The secret of the bursting colors is in the chemistry of that tiny drop of soap. Like other oils, milk fat is a non-polar molecule and that means it doesn’t dissolve in water. When soap is mixed in, however, the non-polar (hydrophobic) portion of micelles (molecular soap structures in solution) break up and collect the non-polar fat molecules.Then the polar surface of the micelle (hydrophilic) connects to a polar water molecule with the fat held inside the soap micelle. Thanks to the soap connection, literally, the non-polar fat can then be carried by the polar water. This is when the fun begins.

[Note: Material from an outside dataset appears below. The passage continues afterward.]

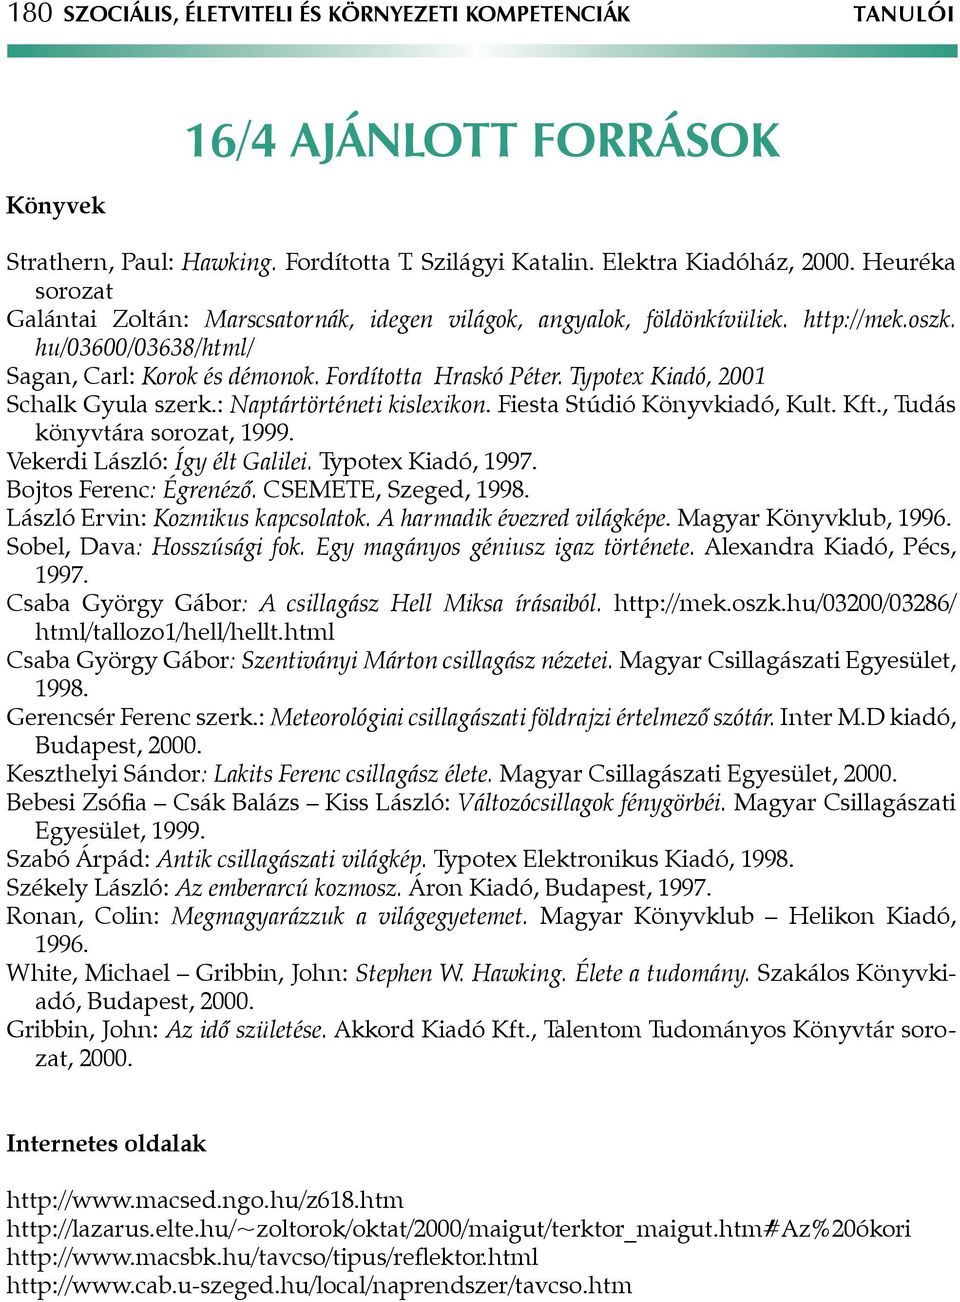 Typotex Kiadó, 2001 Schalk Gyula szerk.: Naptártörténeti kislexikon. Fiesta Stúdió Könyvkiadó, Kult. Kft., Tudás könyvtára sorozat, 1999. Vekerdi László: Így élt Galilei. Typotex Kiadó, 1997.

The molecules of fat bend, roll, twist, and contort in all directions as the soap molecules race around to join up with the fat molecules. During all of this fat molecule gymnastics, the food coloring molecules are bumped and shoved everywhere, providing an easy way to observe all the invisible activity. As the soap becomes evenly mixed with the milk, the action slows down and eventually stops. This is why milk with a higher fat content produces a better explosion of color—there’s just more fat to combine with all of those soap molecules.
Try adding another drop of soap to see if there’s any more movement. If so, you discovered there are still more fat molecules that haven’t found a partner at the big color dance. Add another drop of soap to start the process again.
Repeat the experiment using water in place of milk. Will you get the same eruption of color? What kind of milk produces the best swirling of color, skim, 1%, 2%, or whole milk? Why? This is the basis of a great science fair project as you compare the effect that the dishwashing soap has on a number of different liquids. Do you see any pattern in your observations?